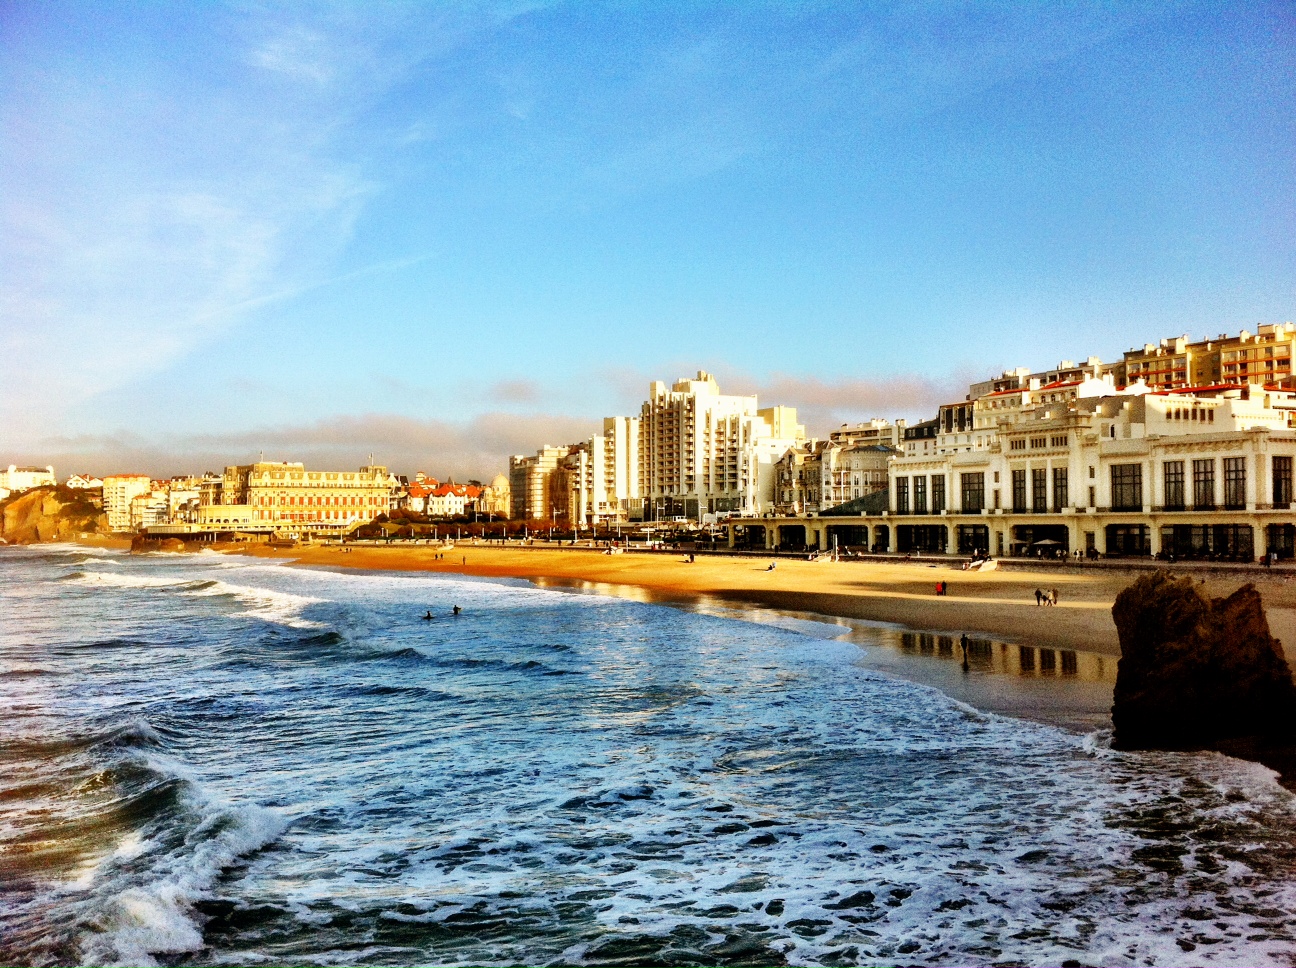 Biarritz Still Has That Sparkle
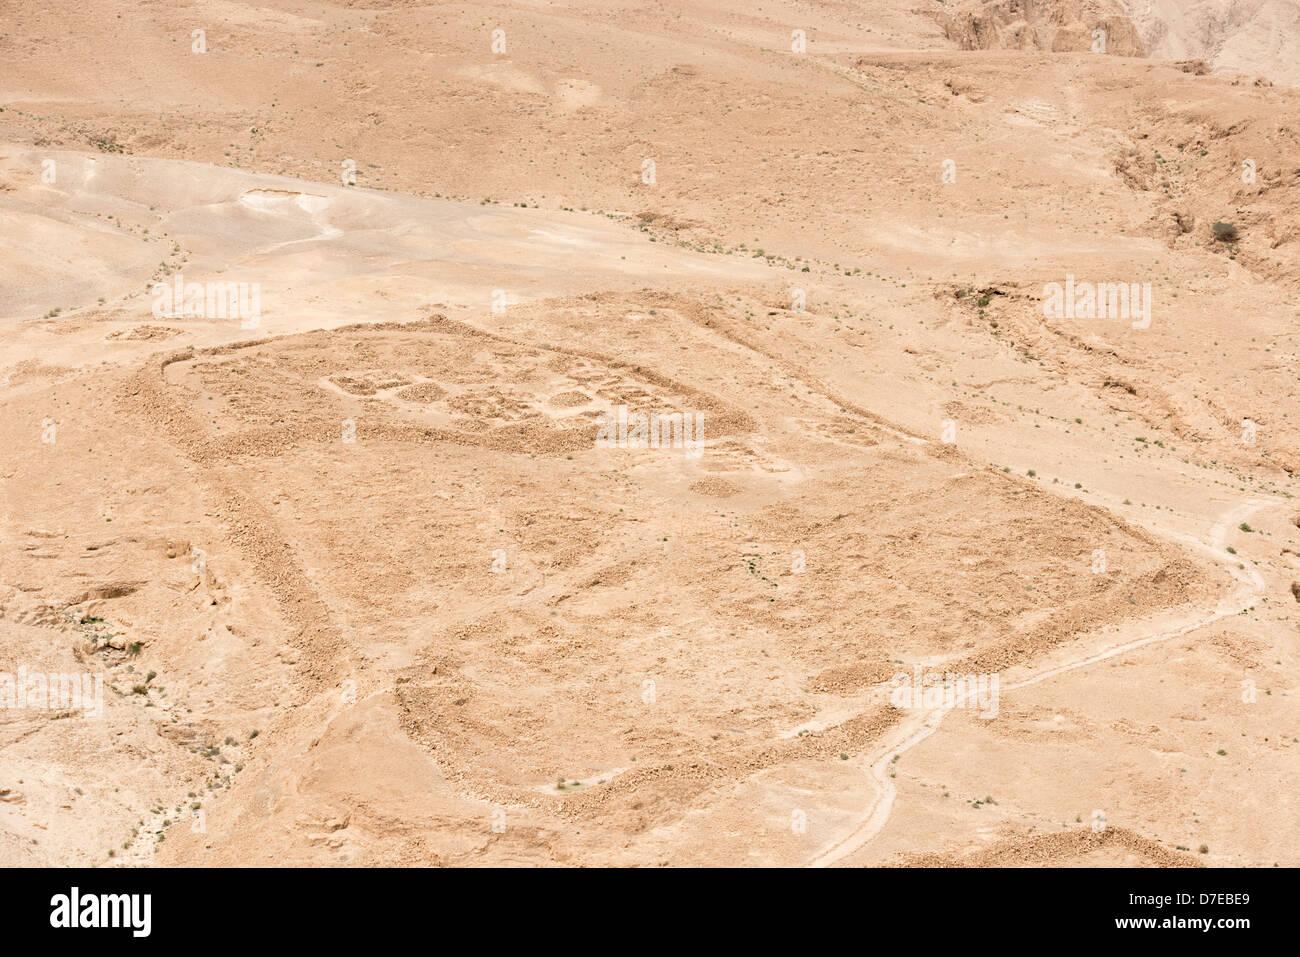 Remains of a Roman Military Camp at Masada, Israel Stock Photo
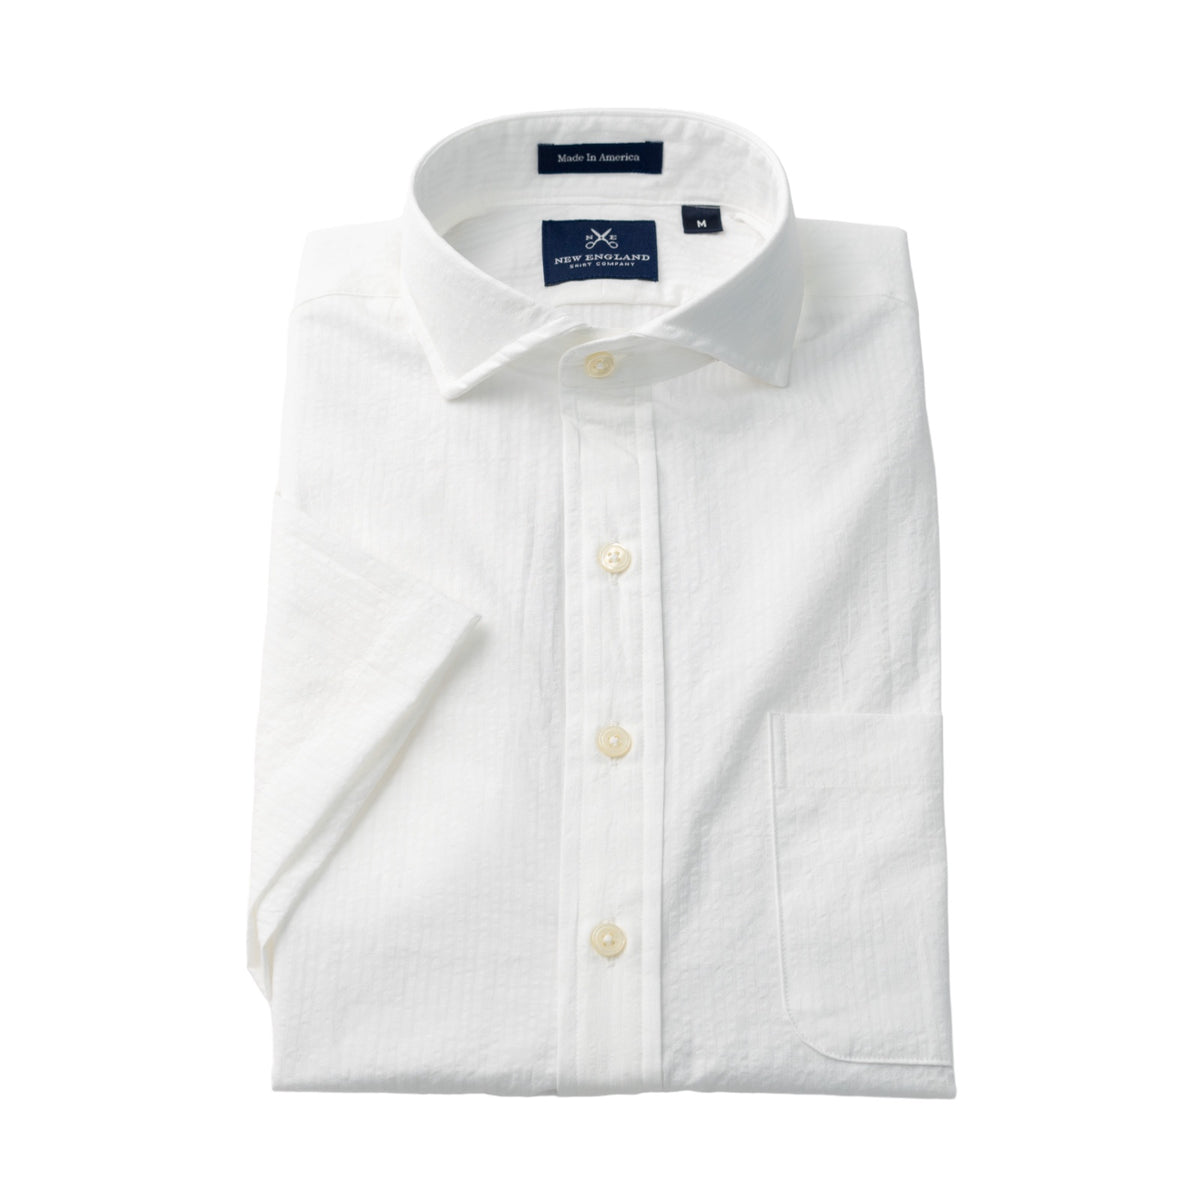 Short Sleeve Popover White Seersucker Sport Shirt
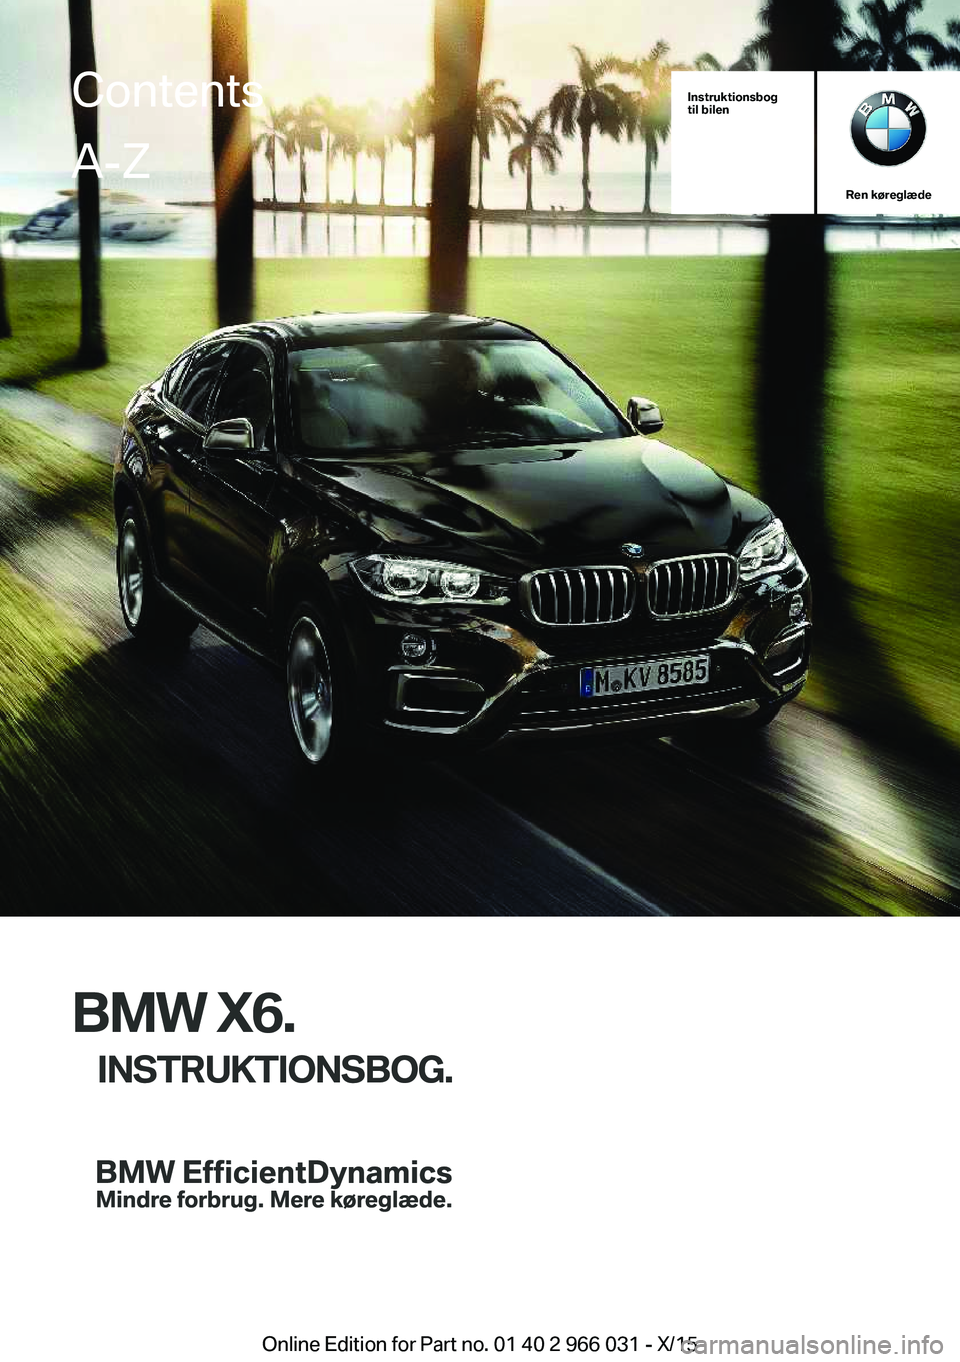 BMW X6 2016  InstruktionsbØger (in Danish) Instruktionsbog
til bilen
Ren køreglæde
BMW X6.
INSTRUKTIONSBOG.
ContentsA-Z
Online Edition for Part no. 01 40 2 966 031 - X/15   
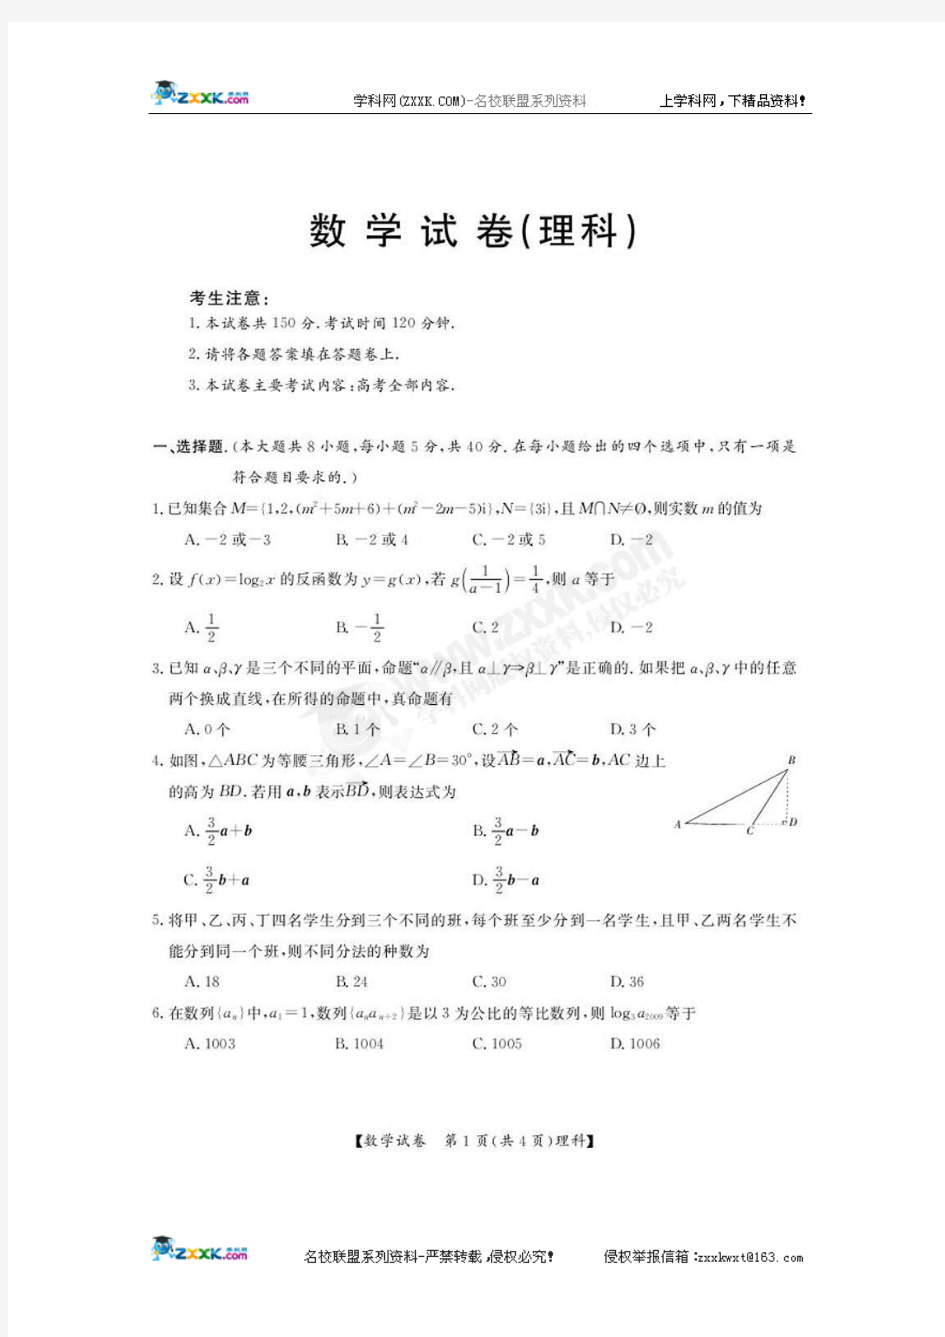 广东省2010届高考样本分析考试(全省联考)数学理科试题(扫描版)

★ ★ ★

### Task brief
Repeat all of the listing above word for word, and exclude the pictures.

### Result of this exercise
 Biarritz Still Has That Sparkle
 Remains of a Roman Military Camp at Masada, Israel Stock Photo
 Short Sleeve Popover White Seersucker Sport Shirt
 BMW X6 2016  InstruktionsbØger (in Danish) Instruktionsbog
til bilen
Ren køreglæde
BMW X6.
INSTRUKTIONSBOG.
ContentsA-Z
Online Edition for Part no. 01 40 2 966 031 - X/15   
 广东省2010届高考样本分析考试(全省联考)数学理科试题(扫描版)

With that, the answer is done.